You appear to believe that the determined outcome of reasoning isn't related to the thing being reasoned about. Why would you assume that?
What does free will have to do with accurate reasoning? That is, if you can even describe how free will works.
~~ Paul
"The
determined outcome of reasoning. . . . .," sounds an awful lot like: "We will hang you after your fair trail."
(Or am I missing something?
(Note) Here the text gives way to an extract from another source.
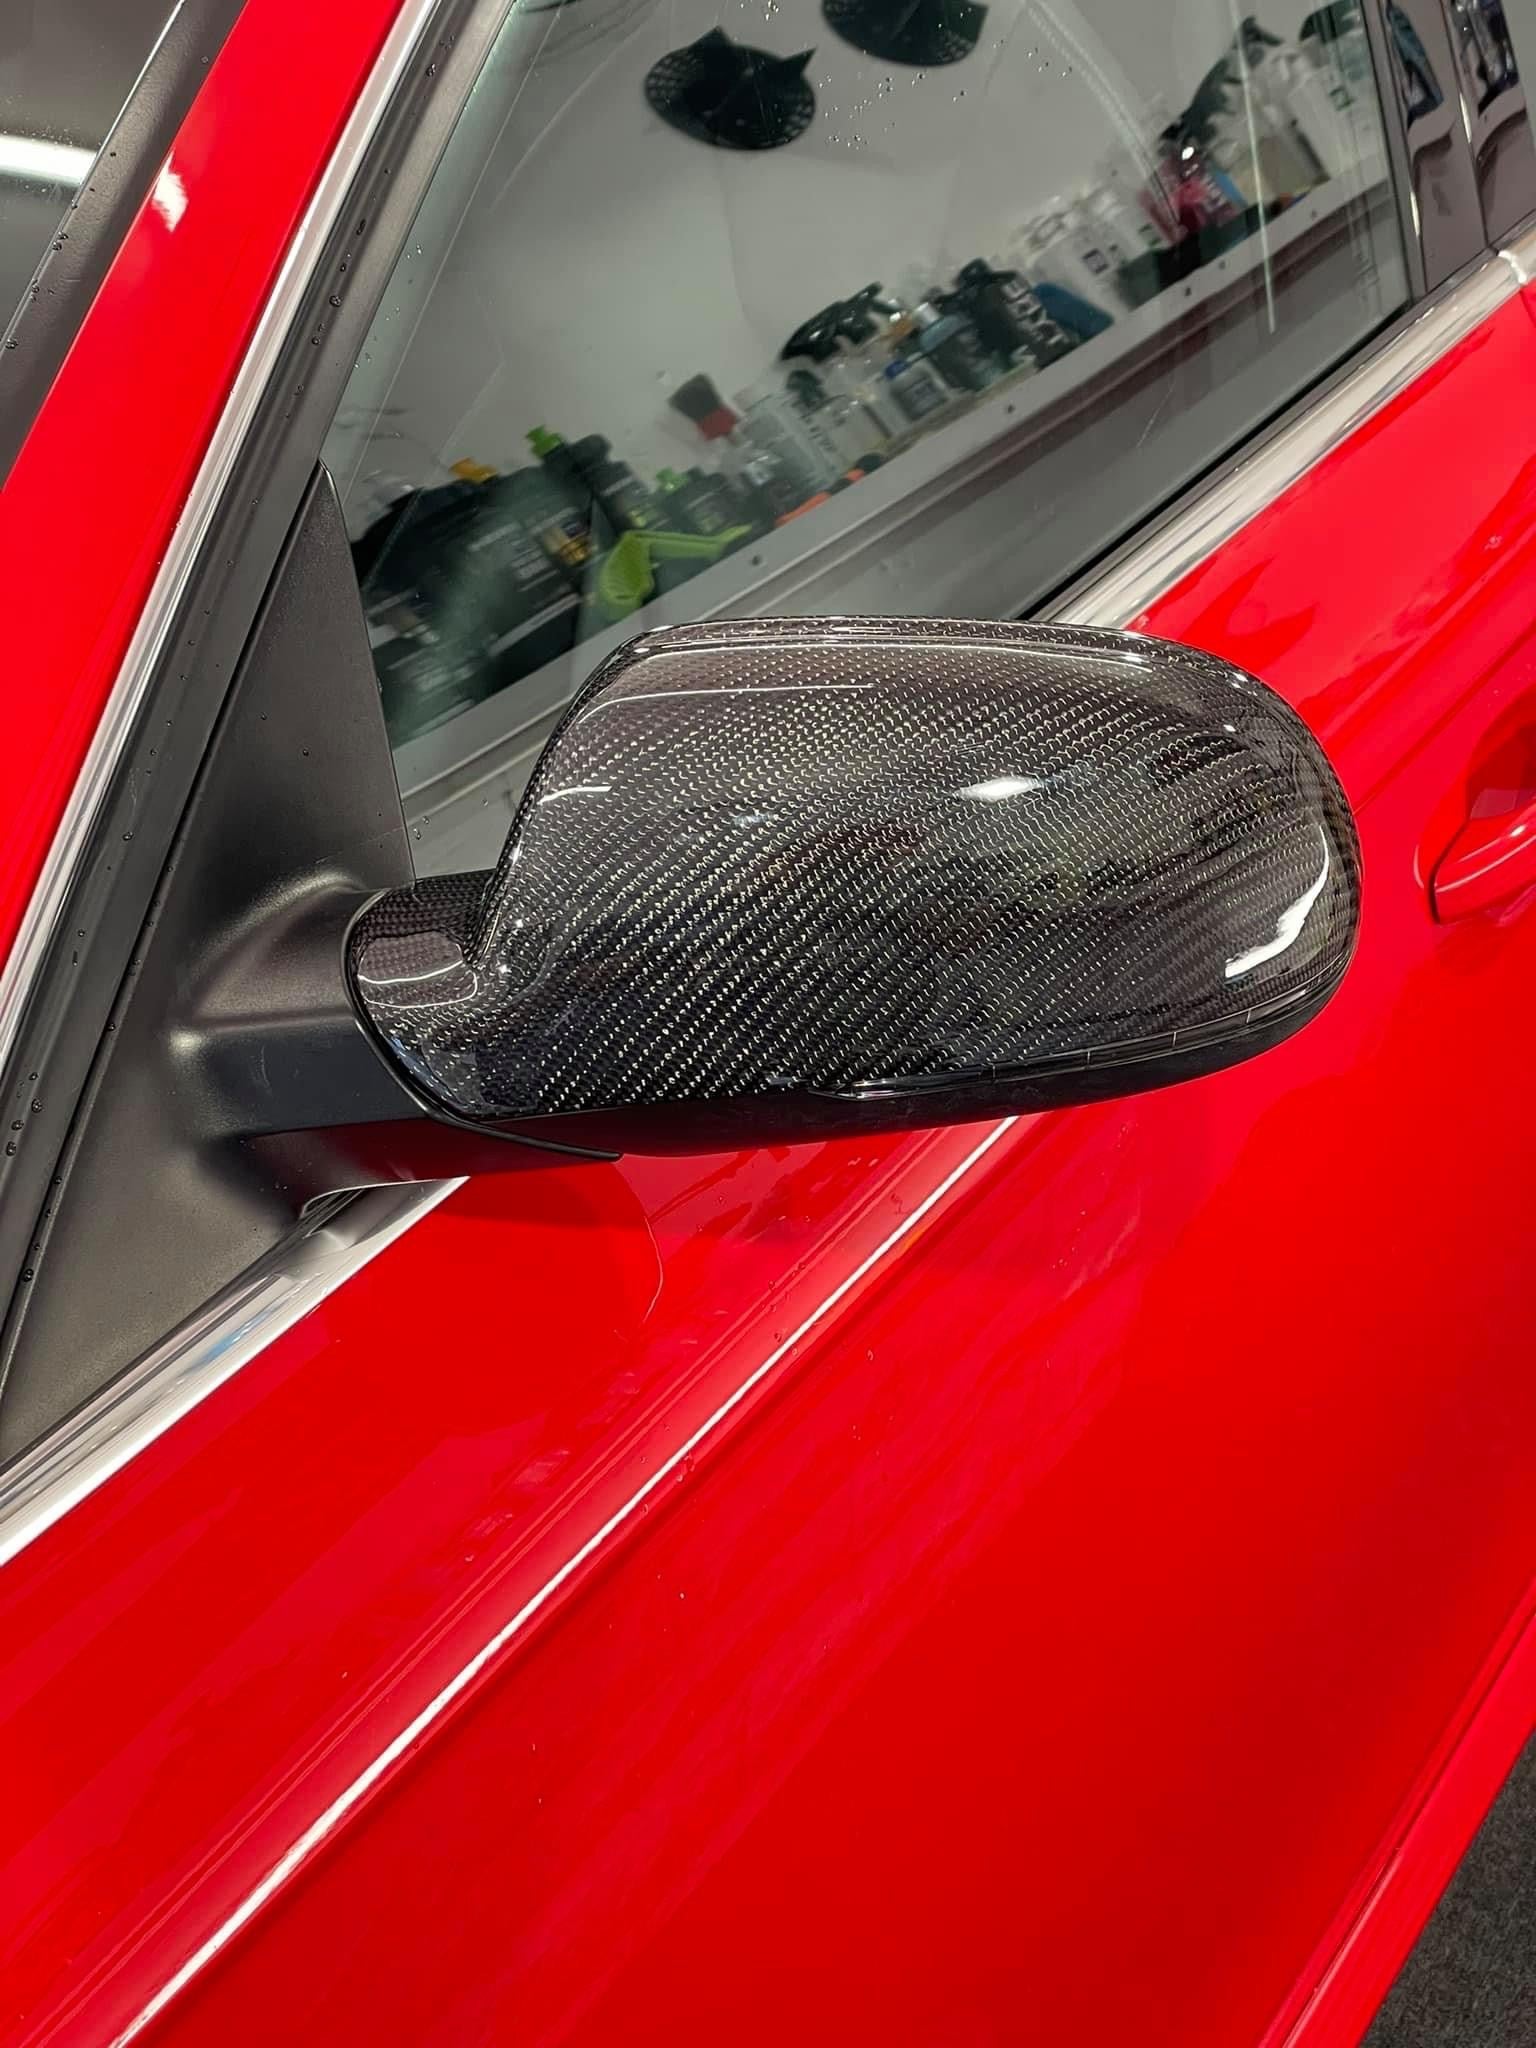 Audi A5/S5 and RS5 Replacement Carbon Fibre Mirror Covers - For the B8.5 Facelift Audi A5 Models. This product is manufactured from 2*2 Carbon Fibre Weave with an ABS Plastic base to ensure this products fitment is perfect for your model. This is a must for anyone looking to add a touch of unique carbon to their A5/S5 or RS5 Audi.

God knows I constantly doubt myself when discussing complex issues and a thing that might seem axiomatic to educated people, sometimes flies over my head.)
How can you arrive at a balanced decision between two competing alternatives, if you are certain there is only one pre-determined outcome available? What exactly is going on in your mind when you deliberate between the truth or falseness of a proposition. . . . . What is happening in that internal dialog when you begin with doubt and ignorance, and eventually end with a resolution? Do you patiently wait until the pre-determined light bulb goes off. . . . ? Or do you go through the motions of a mock deliberation, knowing all along that you will make the one decision you are capable of, the decision that your environment and your subconscious is fated to select ? To me, that doesn't sound like accurate reasoning - it sounds like simple discovery, or computation. I think proper 'reasoning' requires a multitude of open-ended decisions all along the way, from the very moment you choose to enter the conflict.
If you take me to dinner, and the waitress asks, "Hamburger or Fish ?", then I have to make a decision. Maybe I like both today, so I really don't care, and I just pick one for the hell of it. This is not reasoning, this is random, and has nothing to do with free will - (but it's still a decision that was not pre-determined.)
If you suggest that the fish is cheaper than the hamburger, and I should "think about it," then I will have to engage my reasoning. I'll have to ask myself : Which is healthier, which is quicker to cook, have I had hamburger already today, which is more culturally conscious, is this place famous for its fish, is Paul just being cheap........and on and on
It is true, you know, that every last one of these factors will be severely influenced by my past experiences, my education, my social awareness, allergies, taste, -- an almost infinite catalog of memories; and most of these factors will be handled mechanically, as in discovery, or computation. But the SUM TOTAL of these factors under consideration RIGHT NOW - has never ever been encountered before in the history of the universe. We could go to the same café, a hundred more times, and every last time, would be uniquely different. And so the factors in my final decision will also always be different. If you consider each factor as being worth, say, 10 points for hamburger and 10 points for fish, AND you knew ahead of time WHICH factors I was going to include THIS TIME, and which factors I was going to ignore, then you could guess with a certain probability what I was going to choose, based on past choices. . . . . But this isn't the past. This is an entirely new choice. Maybe fish was at 98 percent and then the next table orders a burger and the delicious aroma just overwhelms me.
I realize this is not 'libertarian free-will,' but I don't know anyone who argues in favor of that, anyway (except a few libertarians) But it isn't completely random, either. And it doesn't reject the notion that a determined cause will have a determined effect. Rather, I suggest that an adult human mind prior to decision making is home to a host of factors, all of which may be determined in one way or another, but the polymorphic assembly of these factors is a unique beast whose nature cannot be determined before the fact. And you cannot expect a pre-determined decision, based on an undetermined cause.